Çin Cumhurbaşkanı Xi Jinping, 1 Nisan 2020’de Zhejiang eyaletinde yaptığı incelemeler esnasında, risk ve fırsatların daima birlikte bulunduğuna dikkat çekerek, risklerin üstesinden gelinmesi hâlinde daha fazla fırsat doğacağını kaydetti. Xi Jinping’in bu vurgusu, COVID-19 salgınının dünya genelinde hızla yayıldığı dönemde ayrı bir önem taşıyor. Risklerin üstesinden gelinmesinde fırsat aramak ve işbirliği yapmak suretiyle çifte kazanca ulaşmak, Çin ve Türkiye’nin dostane işbirliğini geliştirmek için sadık kalması gereken ilkeler.

Çin, salgınla mücadelede dev ilerlemeler kaydetti, 2020 yılında Çin’in gayrisafi yurt içi hasılası 100 trilyon yuan seviyesini aştı. Çin, dünyada salgın döneminde pozitif büyüme kaydeden tek başlıca ekonomi oldu. Türk hükümeti de salgına karşı zafer kazanmak için tüm olanaklarını kullandı, yeniden işbaşı yapma sürecini hızlandırdı. Türkiye, geçen yılın üçüncü çeyreğinde yüzde 6,7 büyüdü.

Çin 14. Beş Yıllık Plan ile 2035 Vizyonu’nu belirledi. Türkiye de 2023 Vizyonu’na ulaşmak için istikrarlı adımlar atıyor. Çin ve Türkiye, mevcut zorluklar ile ortak meydan okumaların üstesinden siyaset, salgınla mücadele, ekonomi ve kültür alanlarındaki işbirliğini yoğunlaştırarak gelecek.

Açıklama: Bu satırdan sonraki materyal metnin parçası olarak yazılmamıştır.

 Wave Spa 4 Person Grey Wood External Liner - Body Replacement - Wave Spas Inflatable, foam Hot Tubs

Türkiye, Avrupa, Asya ve Afrika kıtalarının kesiştiği bir bölgede yer alıyor. Güçlü bir imalat sektörüne ve kaliteli tarım ürünlerine sahip Türkiye’de enerji, altyapı, savunma teknolojisi ve telekomünikasyon sektörleri büyük potansiyel taşıyor.

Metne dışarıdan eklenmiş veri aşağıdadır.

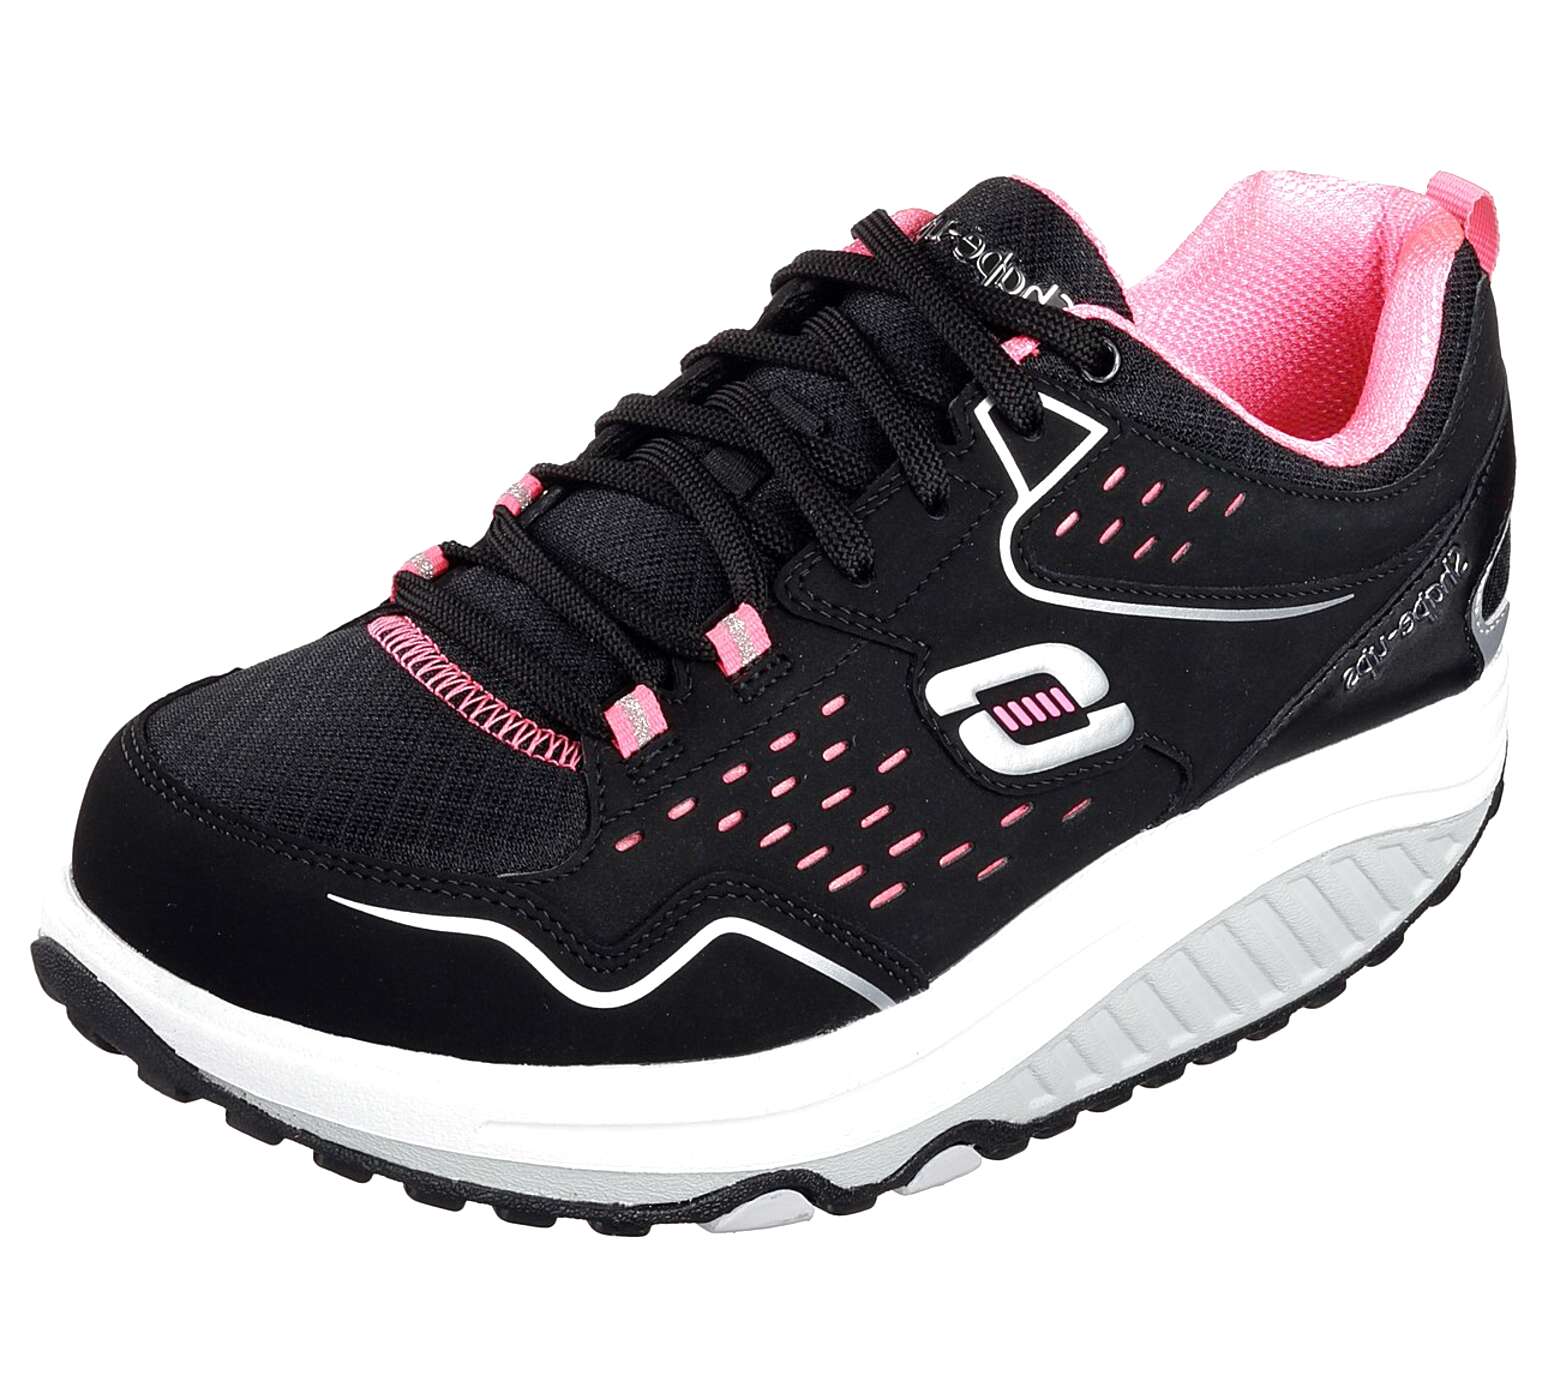 Skechers Shape Ups 6 for sale in UK View 24 bargains

Çin de dünyada en büyük iç piyasaya sahip ülke. Çin’in elinde yüklü bir sermaye ve ileri teknoloji bulunuyor. Dolayısıyla Çin ve Türkiye, işbirliği ve ortak kalkınma açılarından birbirini tamamlayıcı nitelikte ülkeler. Yeni yükselen piyasalara sahip iki ülke, aynı zamanda G20 üyesi ve Kuşak ve Yol’un inşası sürecinde doğal işbirliği ortağı.

Son yıllarda Çin ve Türkiye arasındaki stratejik işbirliğinde önemli ilerlemeler kaydedildi. Bu yıl, Çin ve Türkiye arasındaki diplomatik ilişkilerin 50’inci yıldönümü. Salgının getirdiği zorlukları tamamen aşacak Çin ve Türkiye’nin ikili ilişkilerinin sonraki 50 yılının geleceğinin daha da parlak olacağına hiç şüphe yok.